34% (34%)   31% (31%)  Aug 16 12:00  hourly.0

34% ( 0%)   31% ( 0%)  Aug 16 08:00  hourly.1

34% ( 1%)   31% ( 0%)  Aug 16 00:00  nightly.0

34% ( 0%)   32% ( 0%)  Aug 15 20:00  hourly.2

35% ( 1%)   32% ( 0%)  Aug 15 16:00  hourly.3

35% ( 1%)   32% ( 0%)  Aug 15 12:00  hourly.4

35% ( 0%)   32% ( 0%)  Aug 15 08:00  hourly.5

35% ( 1%)   33% ( 0%)  Aug 15 00:00  nightly.1


Then after I deleted all the snapshots:

# df -g uraoly_por01_vol0

Filesystem               total       used      avail capacity  Mounted on

/vol/uraoly_por01_vol0/       60GB       36GB       23GB      60%  /vol/uraoly_por01_vol0/

/vol/uraoly_por01_vol0/.snapshot        0GB        0GB        0GB     ---%  /vol/uraoly_por01_vol0/.snapshot


So, I am trying to work out WHEN whatever activity caused this actually happened. The snapmirror happened at midday, then the volume utilisation exploded.

Am I right in thinking that whatever caused this snapshot growth happened AFTER the midday snapshot, rather than before midday?

There's nothing unusual in the event logs, so I'm going to have to ask the general population  if anyone was doing any changes on that server at the time, and want to make sure I have my timeframes right.

Thanks,

Dean

Re: What caused this snapshot growth?

Snapshots "grow" when data contained in these snapshots changes.

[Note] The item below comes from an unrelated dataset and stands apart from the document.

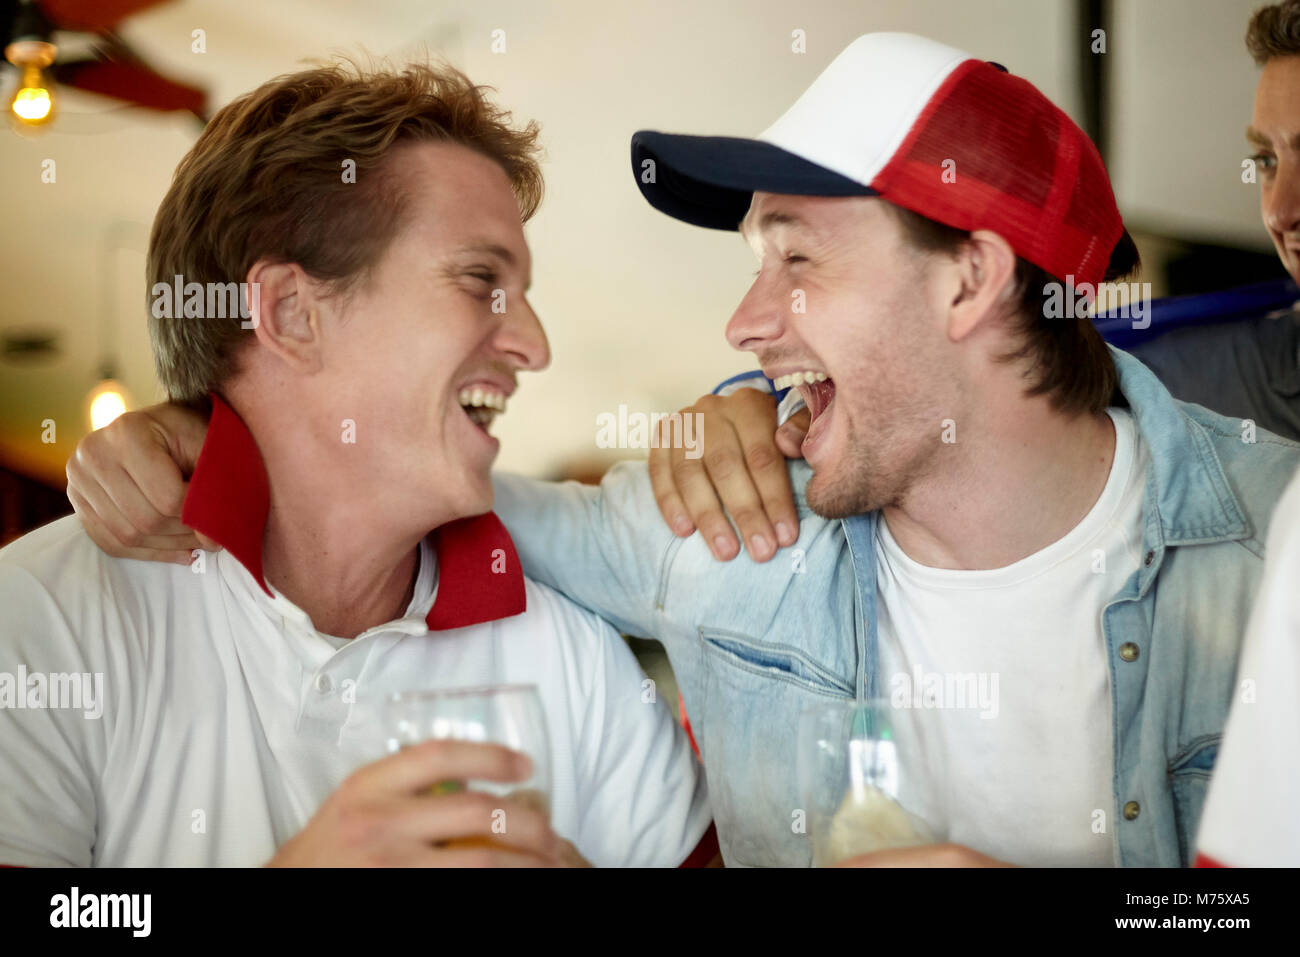 Los entusiastas de los deportes celebrando juntos en bares Foto de stock

So after snapshot was taken some host activity resulted in large amount of changed data. You have to check what your hosts do - there is nothing NetApp can do about it.

Re: What caused this snapshot growth?

ask your windows or oracle guys. there is no way to find out what's going on in the LUN from the storage side.

maybe an Oracle admin did a database reorganization or a windows admin thought it's a good idea to do a defrag...

Re: What caused this snapshot growth?

Also you said you are serving luns.. What is your fractional reserve setting?

You should look into volume autogrow so you don't have this issue and can sleep like a baby

Re: What caused this snapshot growth?

Yes, I definitely want to sleep like a baby. I think the fractional reserve is set at the default - 100%??. I can't tell right now (at home). But for what it's worth, this issue seems to have actually been caused by reallocate. We recently upgraded from 7.3 to 8.something, and the first reallocate on this volume seems to have exploded the snapshots. I'm reading up on how reallocate changes between 7.x and 8.x. It's pretty confusing. But thanks for the tips..

Re: What caused this snapshot growth?

by default, reallocate does not move data in the snapshots (because they are basically read-only). so yes, this could be the issue.

for the future you should use reallocate -p, which will also move snapshot data.

Re: What caused this snapshot growth?

I've inherited this system, so I don't know what's been setup in the past. Reallocate seems to be happening on this volume automatically. How do I change that to use the -p flag?

Re: What caused this snapshot growth?

Give us the output from reallocate status

Also, with default fractional reserve of 100, that should be the volume should be 2x the size of the lun, as to protect the lun.  (unless i'm wrong)

Best practice now is fractional reserve 0, and autogrow

Re: What caused this snapshot growth?

How do I change that to use the -p flag?

for scheduled reallocation, you can't.